Hiç şüphesiz muazzam bir kitap, İbrahim Efendi Konağı... Yazarı Sâmiha Ayverdi, kitabını takdim ederken, “Bu kitap ne bir hikayedir ne masal ne de roman…
Zamanı, mekanı, vakaları, şahısları, isimleri hatta vakaların seyri, sırası ve detaylarının yüzde doksanı ile otantik ve yaşanmış bir devrin, gerçek ve yaşanmış bir hayat tablosudur” der. Zaman Osmanlı Devleti’nin son dönemleri. Öyle ki, “Osmanlı artık Avrupa siyasi çevrelerinde bir varlık değil, neresinden yenilip yutulacağı mevzu olmuş bir lokmadan ibaret” hale gelmiştir. İbrahim Efendi ise Osmanlı’nın bu son dönemlerinde Meclis-i Maliye Reisi... İtibar, mevki, makam tutkunu olan İbrahim Efendi aynı zamanda gururlu ve sevgi nasibinden nasiplenmemiş bir kale gibidir. İbrahim Efendi Konağı, devrinin heybetli bir tanığıdır. Konağı adeta bir karakter gibi olayların içinde görüyoruz.
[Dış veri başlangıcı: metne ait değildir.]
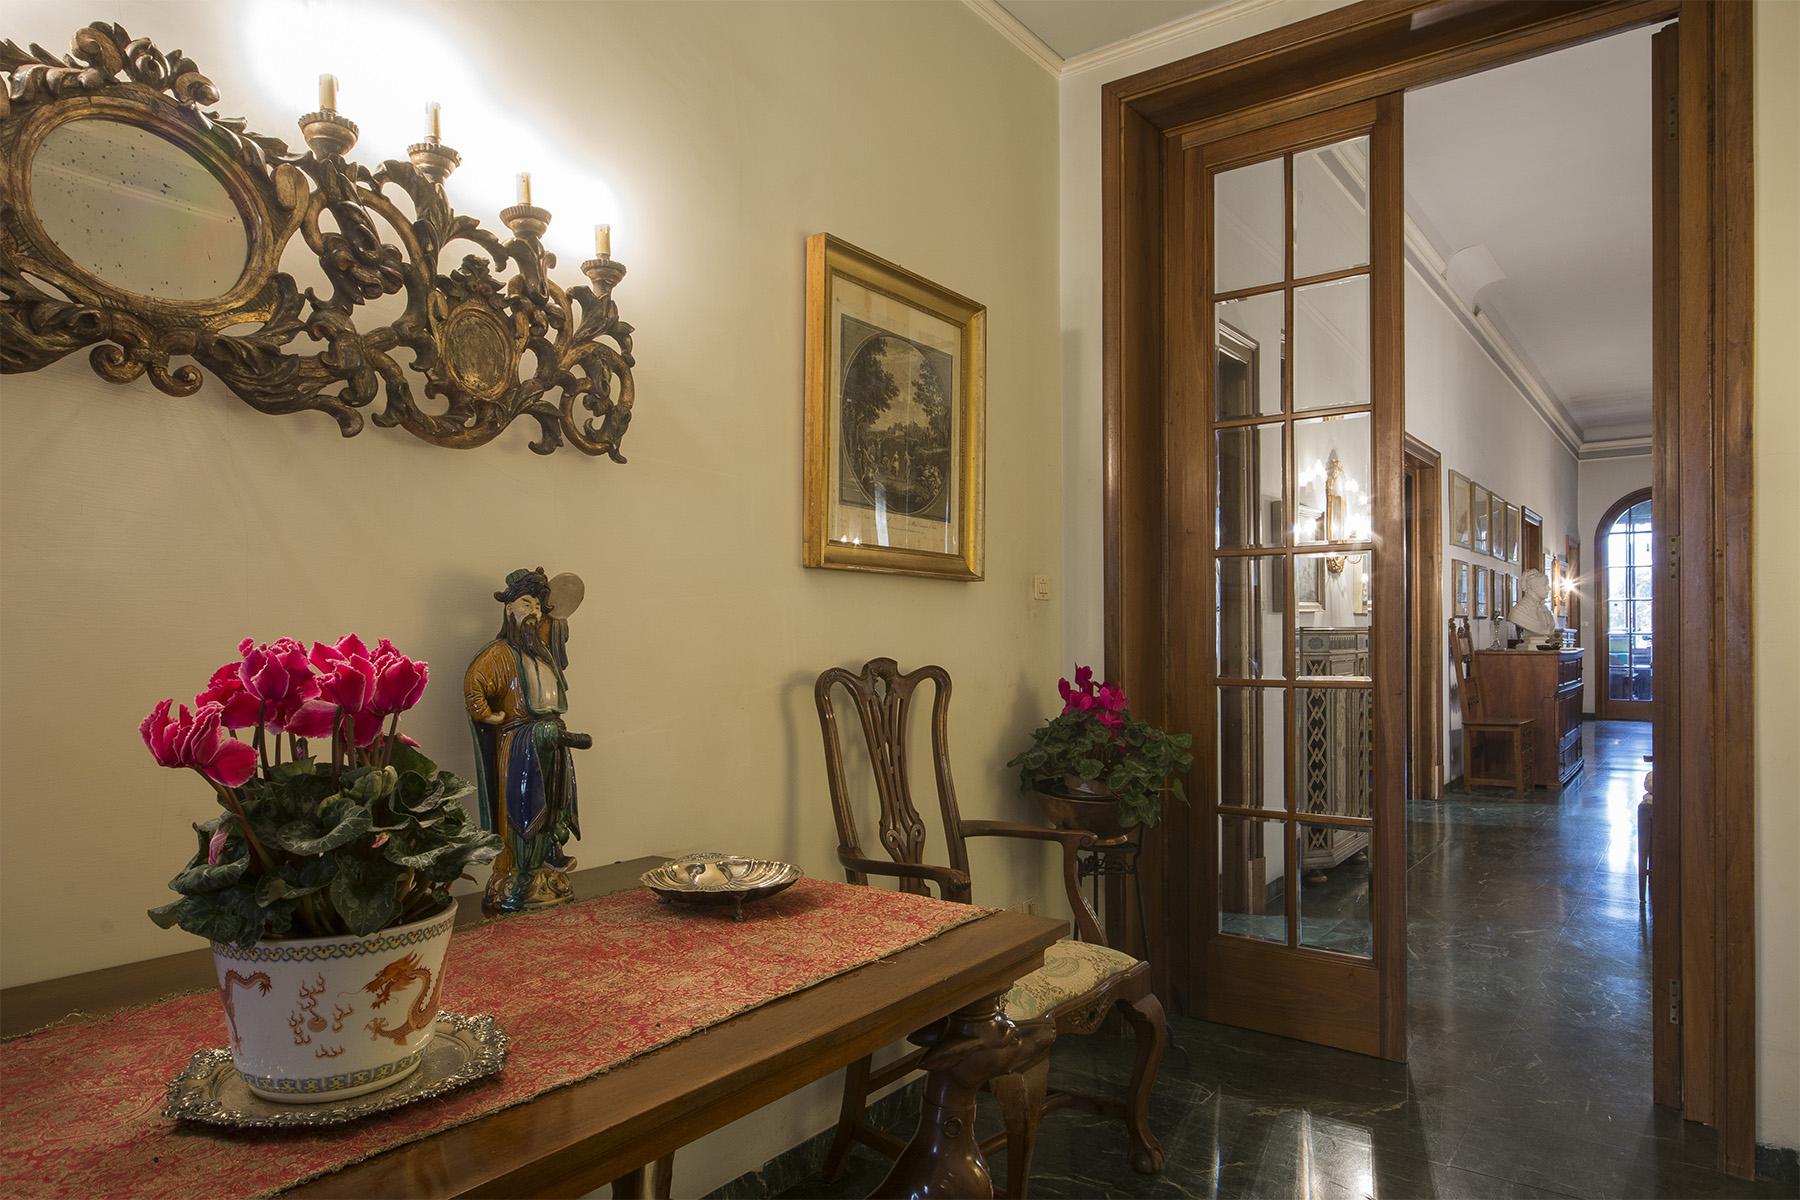 Attico in Vendita a Firenze: 5 locali, 400 mq - Foto 4

Ne ki aynı zamanda konak, devrin minyatür bir Osmanlı Devleti’dir de. “Gerek Şevkiye Hanımefendi gerek bu konağın müdavimi olan öteki hanımlar, sanki batmaya hazırlanan güneşin son renkleri gibiydiler.” “Konak halkında ise halen düşmanı küçük görmek, düşmanı önemsememek gibi zafer ve fetihlerin devrinden arta kalmış bir zihniyetin tortu ve bakiyesi hüküm sürüyordu.” Avrupa ile ilerlemek Osmanlı nazarında bir nevi, haysiyetsizlik kabul edilmekte idi. Fakat Avrupa Osmanlı aristokrasisi hayatına elbette bu konaklar aracılığıyla girecek ve yüzyıllar boyu devam edegelen sosyal hayat kısa bir zaman içinde bambaşka bir şekle bürünecekti. Gelenek ve moderniz, eski ve yeni, Şark ve Batı savaşımı ilk bu konaklarda başlayacaktı. İbrahim Efendi Konağı bu savaşı/mücadeleyi/dönüşümü tüm çıplaklığıyla gözler önüne seriyor. Garp-Şark mücadelesi öz/üvey evlat üzerinden anlatılıyor. “Doğrusu aranacak olursa, geleneklerin henüz gürül gürül yaşamasına rağmen, konakta da eskiye karşı bir bıkkınlık bir usanç yok değildi.”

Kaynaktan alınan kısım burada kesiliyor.